ХВАЛУ И ПОХВАЛУ ПРИЕМЛЯ РАВНОДУШНО
Некоторые, и даже многие – задают мне вопрос: «Маэстро, – спрашивают они, – как вам, мастер слова, так удаются ваши (т.е. – мои) высокохудожественные произведения? А?»
Есть три в принципе равноценных способа ответить на этот правильный и своевременный вопрос.
а) Так.
б) На... буквы, пошел, мол.
в) Полным развернутым ответом.
Обсудим достоинства и недостатки этих основных способов ответа, на этот правильный и своевременный вопрос.
а) Ответ многопланов, и именно в его универсализме содержится большой нонсенс, если приглядеться, чреватый ловушкой. В чем же чреватость ловушки? В избыточно широком диапазоне от «так – прихотливая игра моего гения!» до – на той стороне диапазона, что во время артобстрела наиболее опасна, – «так вот, знаете, как-то: так и получается шедевр на шедевре»... (Лучше всего удается ответить «так» – на вопрос коллеги перехожей.)
б) Ответ немногопланов.

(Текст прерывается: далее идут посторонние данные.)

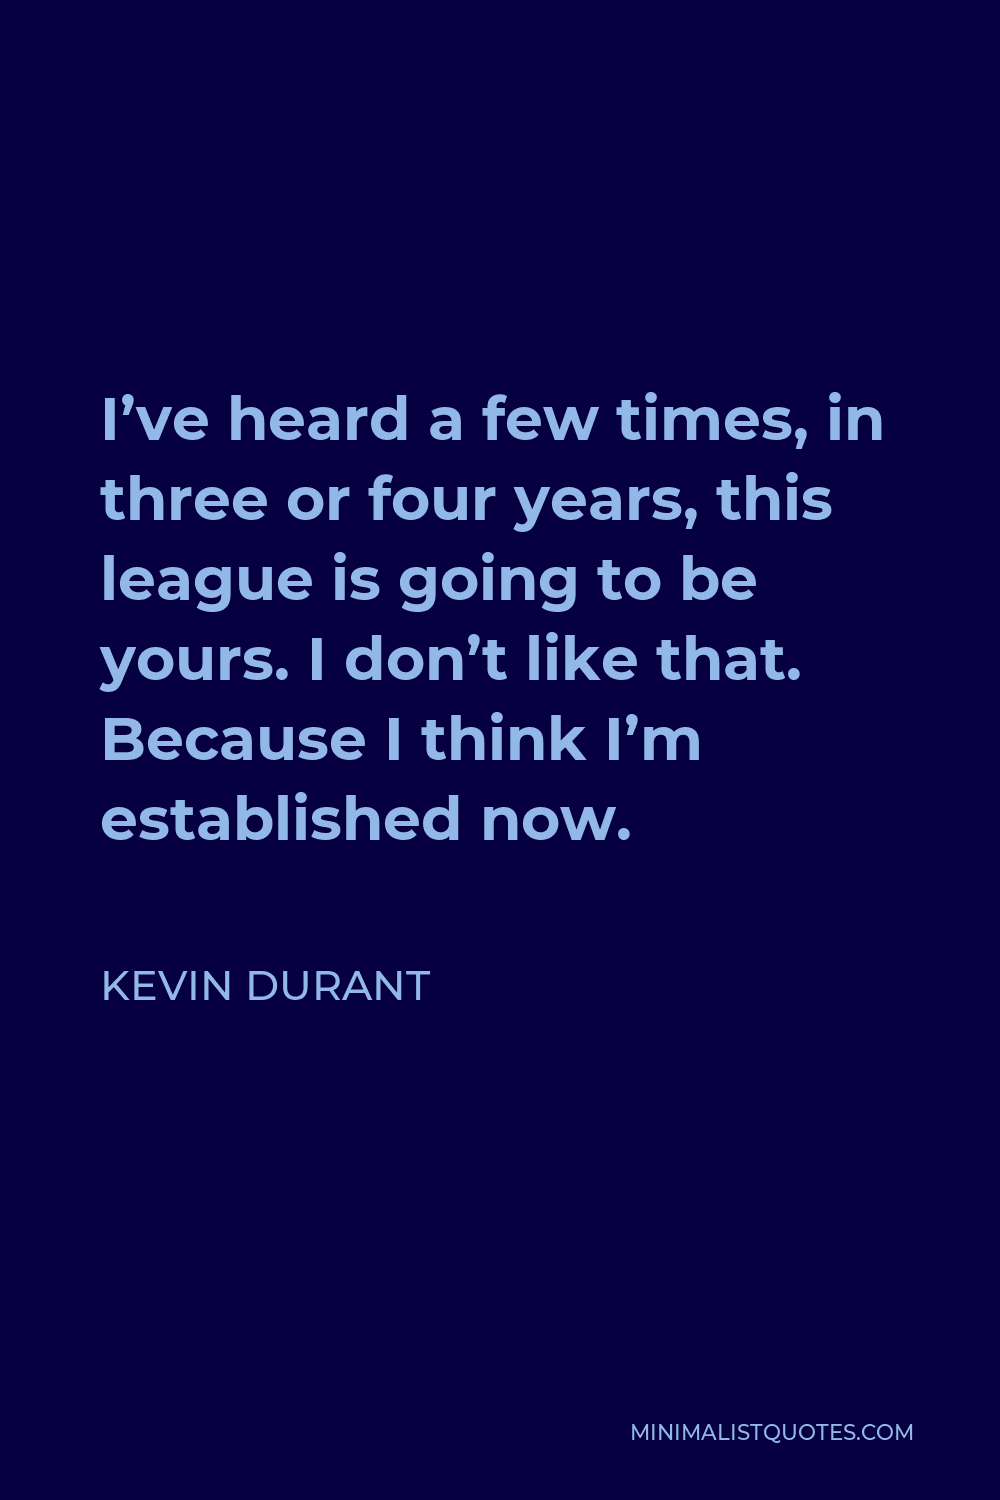 Kevin Durant Quote - I’ve heard a few times, in three or four years, this league is going to be yours. I don’t like that. Because I think I’m established now.

Этим ответом нельзя удовлетворить женщину, девушку, ребенка. Зато – отходят и почти больше не приближаются. На расстояние плеча к плечу не увидать. Потому что: живу, как царь, – один, в номерах служить, подол заворотить, и да, поди, но своим собственном сигноном. Потому что пока, не хаманешь – все равно чего-то недопонимает широкая общественность, а хаманешь – так безусловно: причуды гения, – но зато больше не приглашают на халявный ужин. Поэтому с этим способом ответа приходится все время ходить по лезвию бритвы. Но ответ вполне адекватен, тем паче, что справедливости ради, задав его себе, получаешь приблизительно то же. На выходе. И особенно на выхлопе получаешь этот самый немногоплановый ответ, когда вопрос поставлен в форме: «а зачем, собственно, Генделев, тебе все это на фиг надо?»
в) Полным развернутым ответом мне удалось ответить непраздно и содержательно пару-другую раз за всю мою жизнь. Первый случай цицерона, сорвавшегося с моего персонального языка, имел место во время лекций – семинара по тому странному, в жанровом смысле – предмету привлечения внимания гуманитариев, которое привлечение называется «авторское мастерство», «эготрип», «мастер-класс» или... Ну, не знаю, как это еще назвать, отстаньте!
Пригласили меня читать лекцию о собственном сочинительстве в Институт литературный им. Горького в Москве, который в 1989 году. Я справился с этой нелегкой задачей, сообщив ошеломленной, как позже выяснилось, аудитории о себе: писатель – это всего лишь способ думать, писатель – это не больше, чем отобранное у современной культуры и социума право на высказывание, и, на десерт, – писатель – это не пишущий читатель, а наоборот – отсутствие читателя (живого) очень устраивает и облегчает жизнь писателя (великого). Другими словами – без читателя вполне можно и нужно обойтись.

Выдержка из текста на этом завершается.